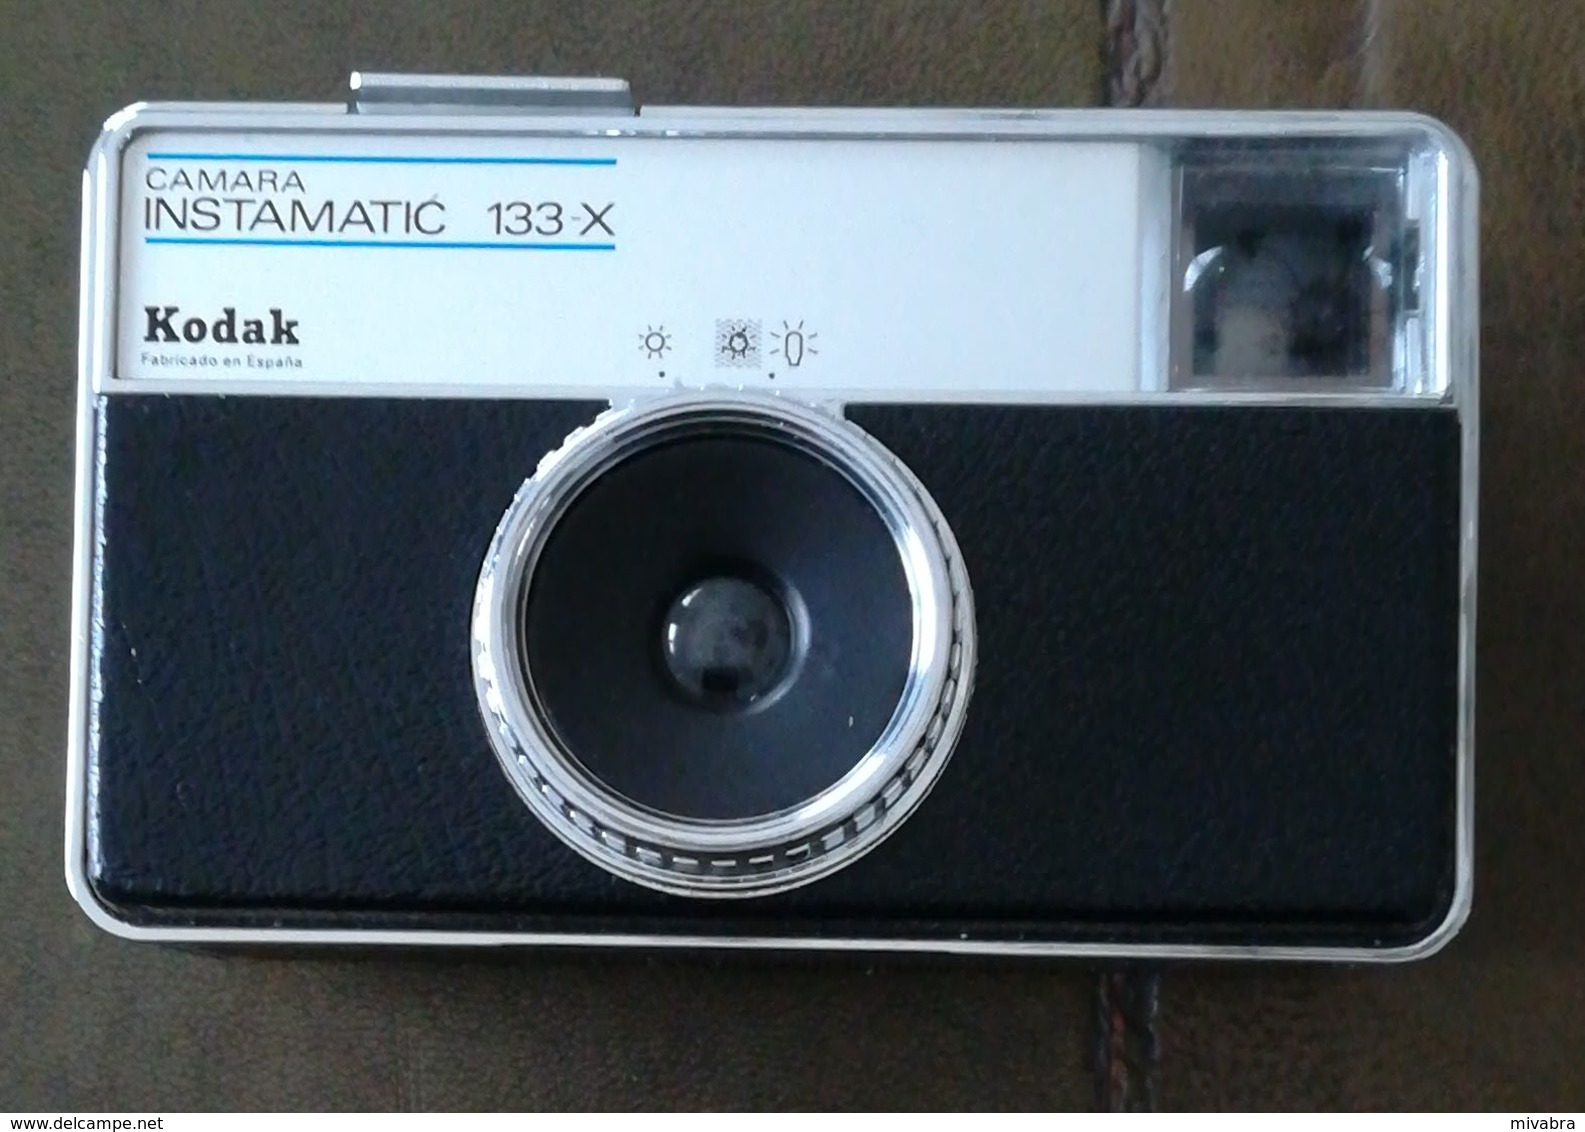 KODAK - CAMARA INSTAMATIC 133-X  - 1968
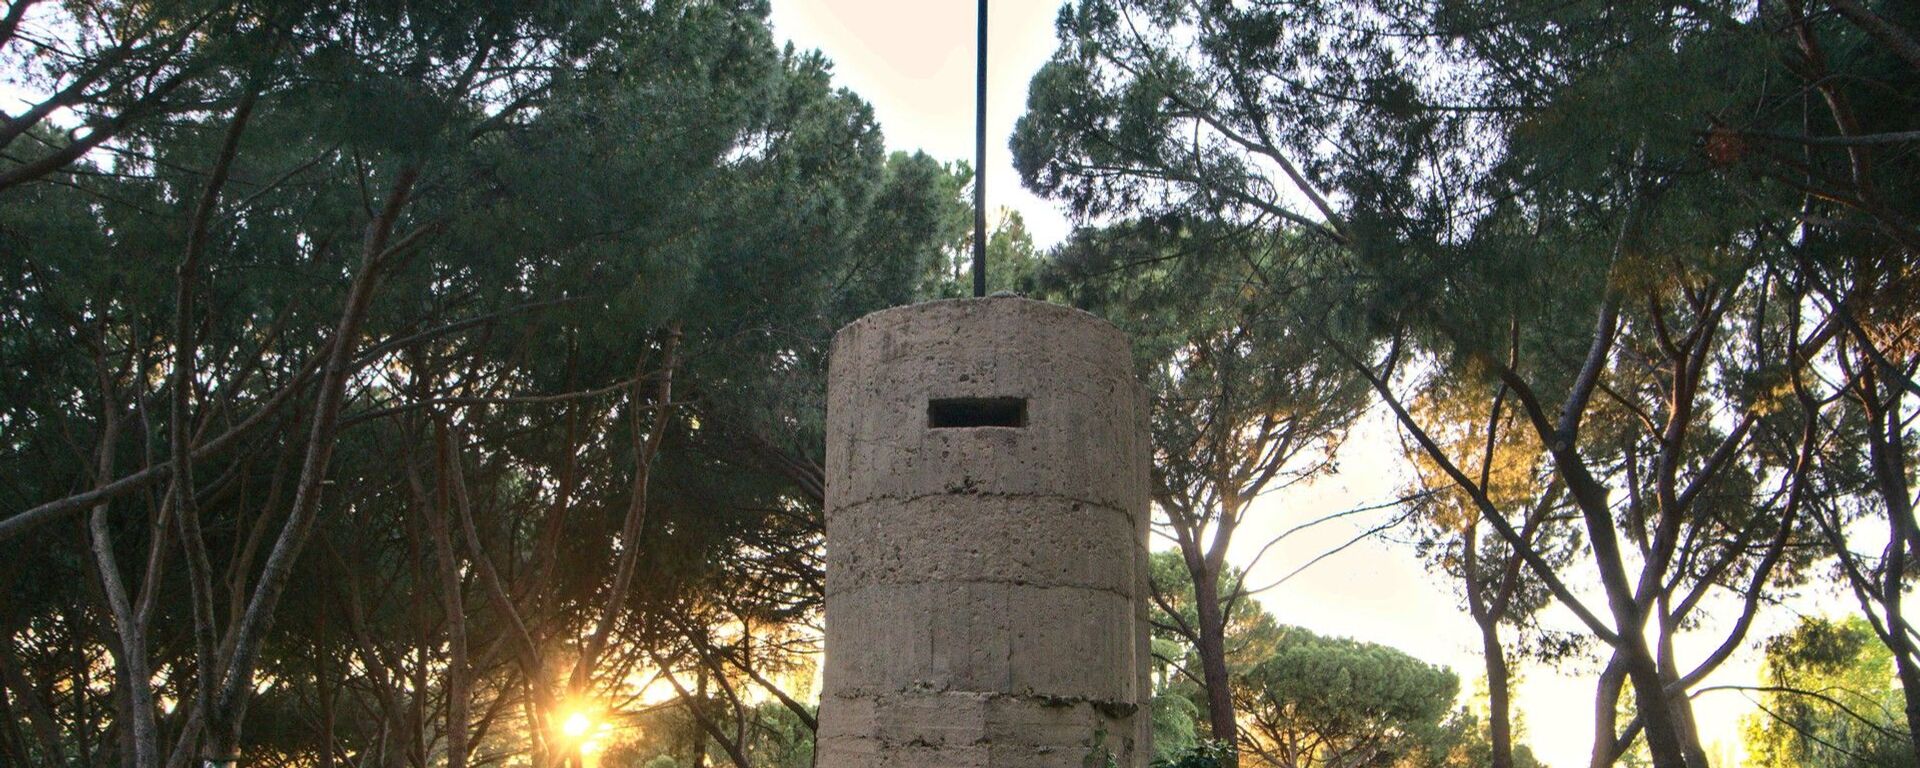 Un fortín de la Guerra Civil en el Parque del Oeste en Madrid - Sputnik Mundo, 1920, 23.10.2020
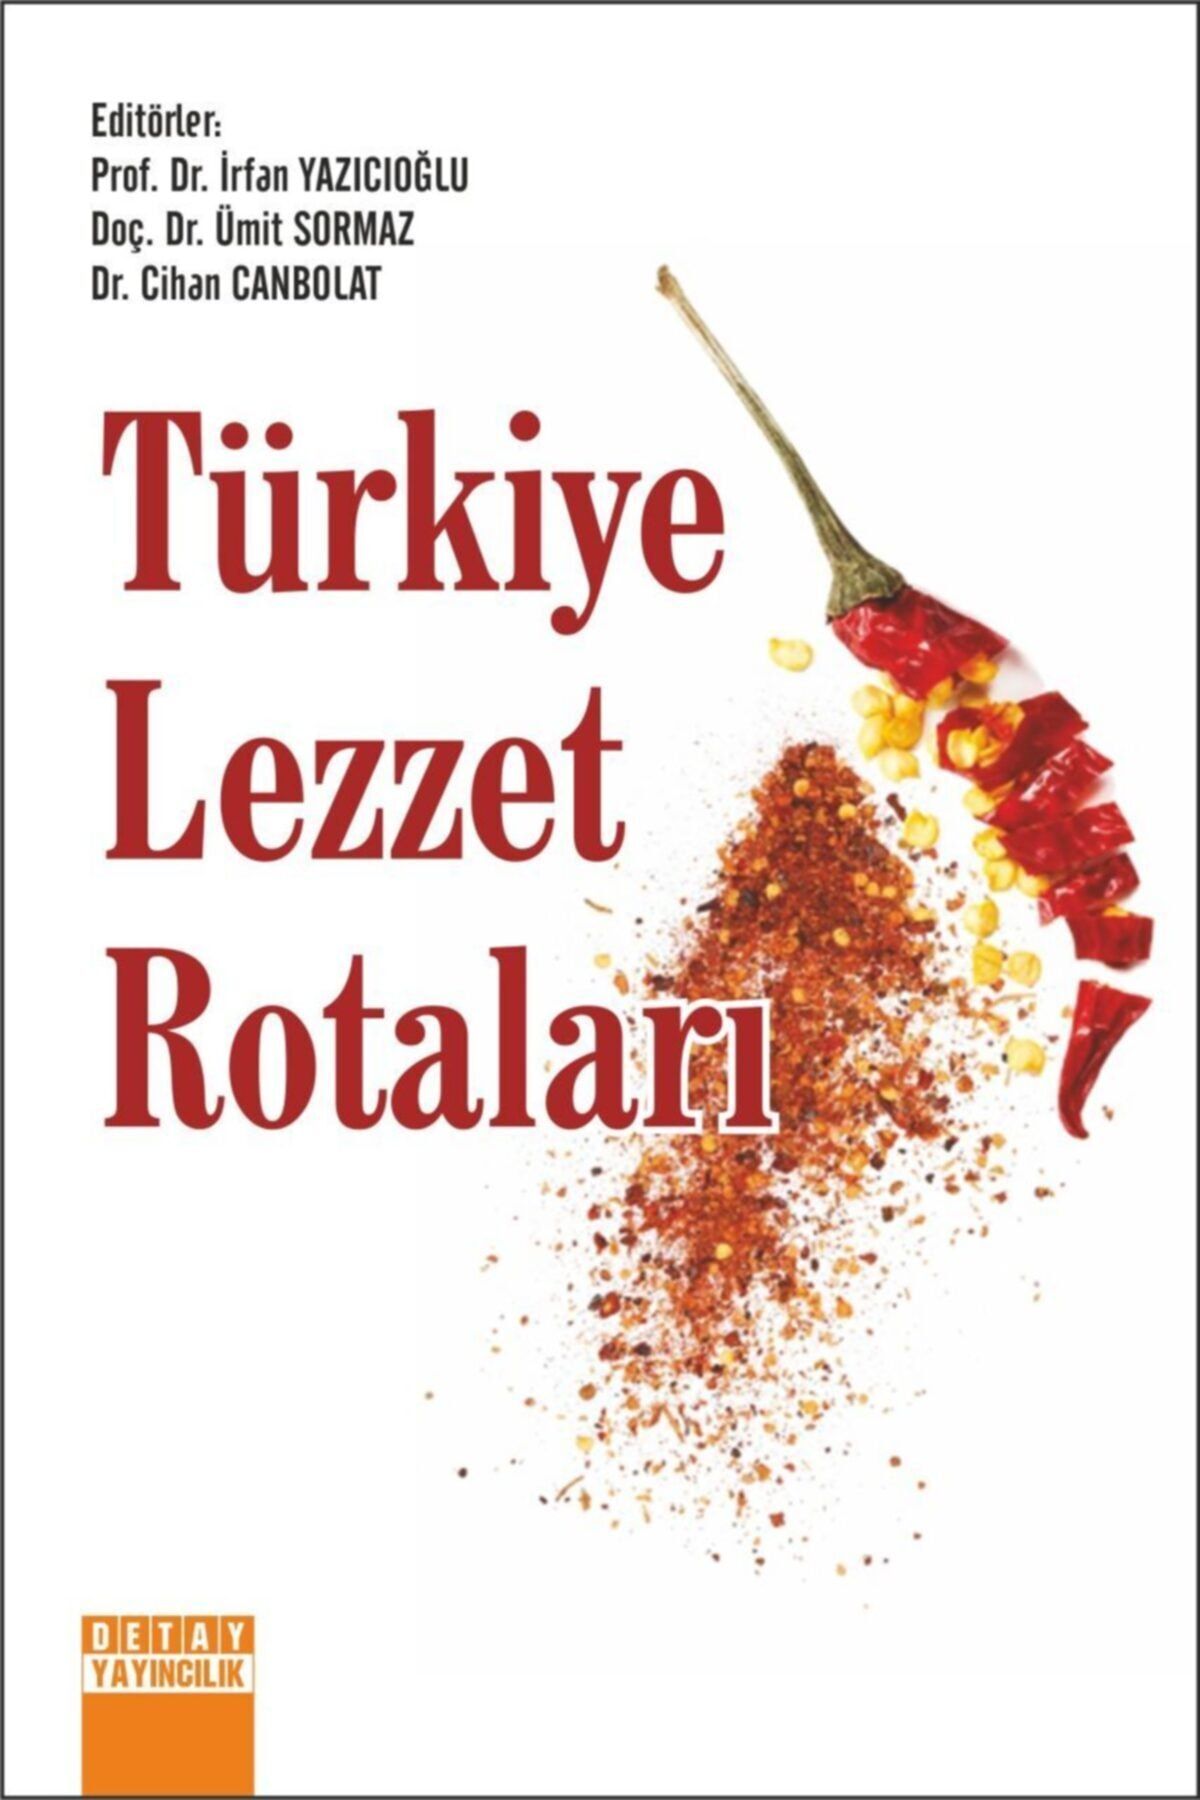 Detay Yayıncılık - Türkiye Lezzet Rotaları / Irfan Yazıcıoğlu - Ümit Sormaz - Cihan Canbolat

----------------------------------------

Your objective:
Once the pictures are set aside, transcribe the remaining lines above exactly.

Result of this task:
 KODAK - CAMARA INSTAMATIC 133-X  - 1968
 Un fortín de la Guerra Civil en el Parque del Oeste en Madrid - Sputnik Mundo, 1920, 23.10.2020
 Detay Yayıncılık - Türkiye Lezzet Rotaları / Irfan Yazıcıoğlu - Ümit Sormaz - Cihan Canbolat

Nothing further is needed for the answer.